Comme le rappelle Elyane Dezon-Jones dans son introduction à la première partie de " Du côté de Guermantes " (édition Garnier-Flammarion de 1987) le choix définitif d'un nom propre a souvent été précédé d'hésitations dont on retrouve la trace dans les différents manuscrits.

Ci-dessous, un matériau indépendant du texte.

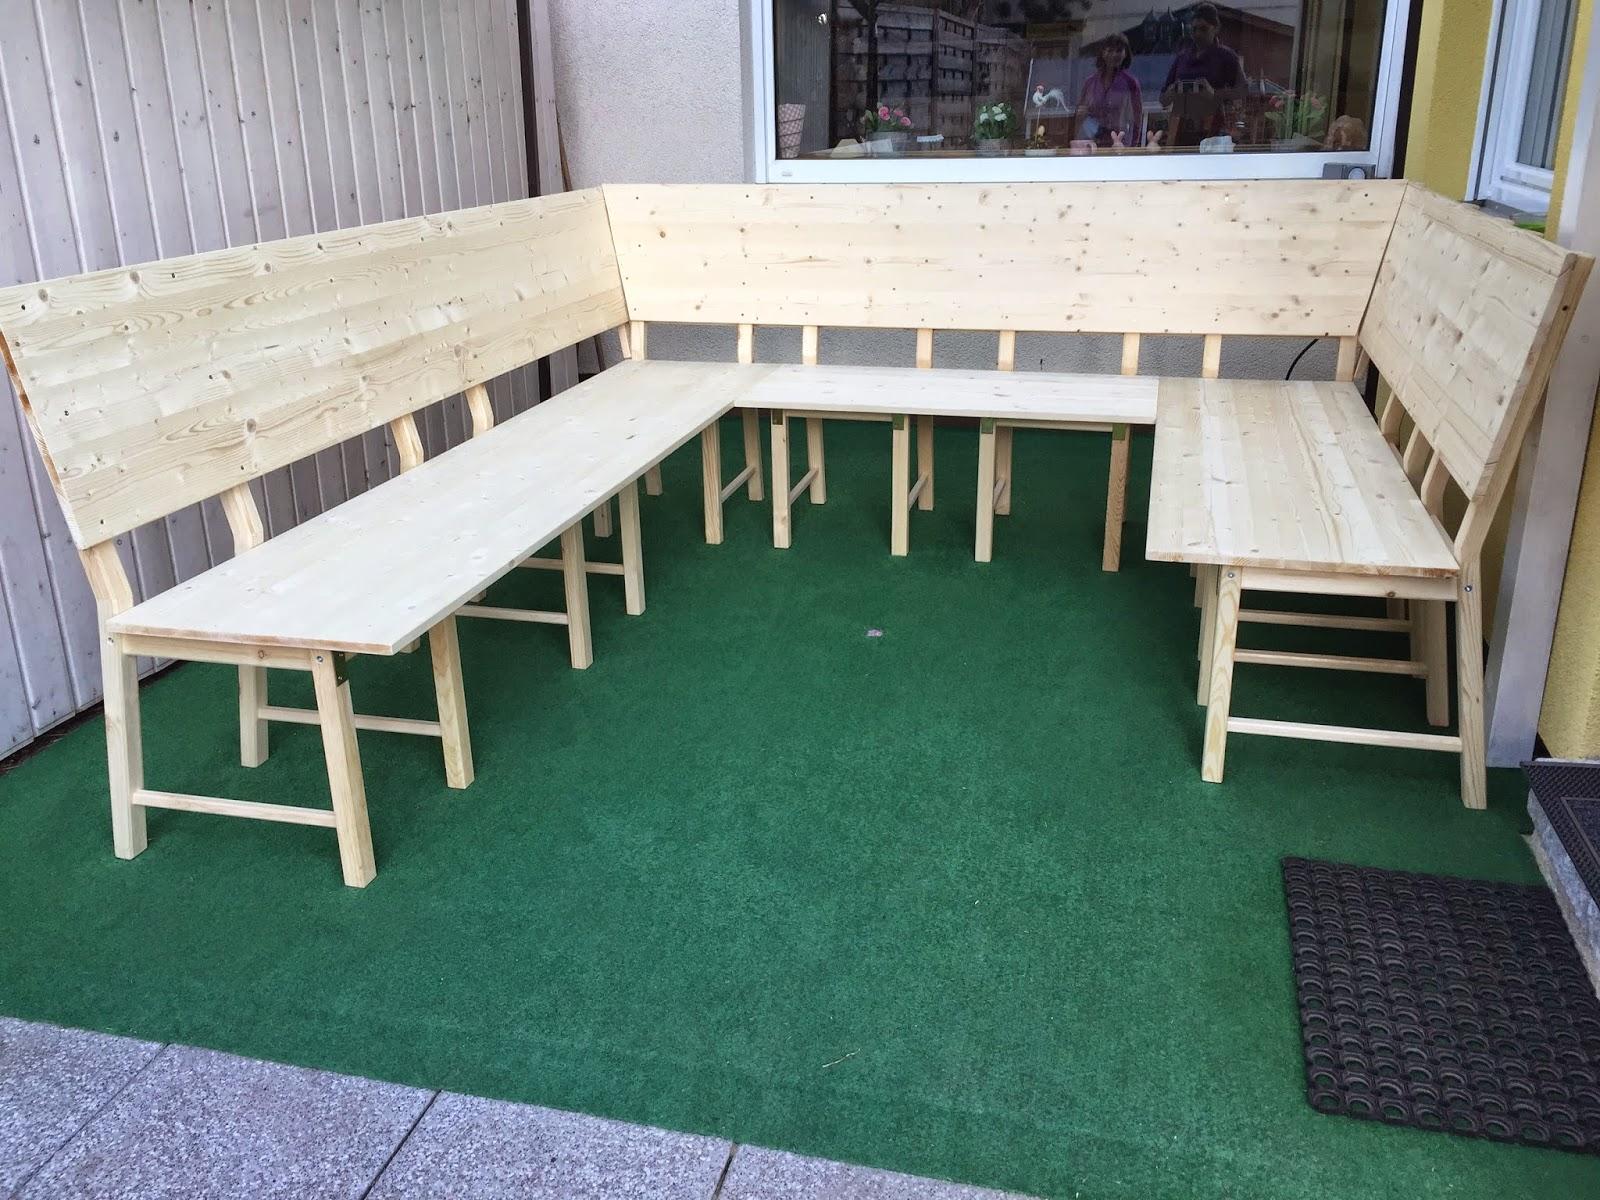 Full Size of Eckbank Ikea Diy Hack Aus 8 Sthlen Wird Eine Groe Betten 160x200 Miniküche Modulküche Küche Kaufen Kosten Bei Sofa Mit Schlaffunktion Garten Wohnzimmer Eckbank Ikea

Ainsi Norpois s'appela d'abord Montfort, Charlus s'appela successivement  Guercy puis Fleurus, Jupien s'appela d'abord Borniche (!), Saint-Loup fut d'abord baptisé Jacques ou Charles de Montargis, Oriane de Guermantes s'appela d'abord Rosemonde de Guermantes, Basin de Guermantes s'appela quant à lui Astolphe de Guermantes, Albertine fut d'abord appelée Marion, Balbec fut d'abord Querqueville puis Bricquebec, et le nom Guermantes lui-même fut précédé de Garmantes ...

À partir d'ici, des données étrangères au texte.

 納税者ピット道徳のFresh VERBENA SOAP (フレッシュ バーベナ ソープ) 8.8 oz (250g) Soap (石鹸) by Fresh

Après la parution de " Du côté de chez Swann ", dont il n'est pas inutile de rappeler qu'il n'est que le premier volume de La Recherche qui en compte dix et qu'on ne peut donc prétendre l'avoir entièrement lue, comme le disent beaucoup de gens, si on en a lu que ce premier volume, l'écrivain se rendit donc brièvement à Guermantes pour y remercier les propriétaires du château dont il avait emprunté le nom.  

En 1990, lors d'une conversation téléphonique que j'eus avec Pierre Hottinguer, alors occupant et propriétaire des lieux, il m'apprit qu'une bibliothèque du château recélait encore quelques exemplaires de ce premier volume que Proust avait dédicacés lors de sa visite dont la brièveté ne lui permis sans doute pas d'en voir toutes les pièces car il est très grand, beaucoup plus que ne le laisse supposer la photo ci-dessus, choisie pour son ancienneté, d'ailleurs toute relative.
Si l'écrivain en avait visité toutes les pièces, il y a fort à parier qu'il n'aurait pas manqué de s'attarder devant les deux émouvants tableaux que voici (photos également extraites du livre de Suzanne VERNES, voir ci-dessus) et qui représentent, dans sa rayonnante jeunesse et quelques mois avant sa mort prématurée,
Albertine ... de Guermantes !
(1799 - 1819)


 

                                                                                                                                             

 
Rappelons qu'Albertine n'apparaît dans La Recherche qu'au cours du premier volume des Jeunes filles en fleurs, publié bien postérieurement au passage de l'écrivain à Guermantes où il ne revint d'ailleurs jamais.   
La juxtaposition de ces deux noms, dans la réalité, est une de ces bizarreries comme l'étude de l'oeuvre et de la vie de l'écrivain permet d'en découvrir tant, et parfois d'extraordinaires, qui ne peuvent être dues au simple hasard. D'ailleurs, la vie même de celui qui mène avec empathie ces recherches est souvent marquée par d'heureuses coïncidences

ou d'inexplicables incidents matériels, certains fort gênants.
J'ai, depuis longtemps, l'absolue certitude que l'écrivain n'est pas mort au sens habituel du terme et que, dans sa soif inextinguible d'affection, il s'attache aux pas de ceux qui 
aujourd'hui lui en témoignent parce qu'ils ont reconnu en lui un compagnon de misère.

J'en dirai plus un jour s'il me le permet car l'individu est certes attachant mais terriblement susceptible.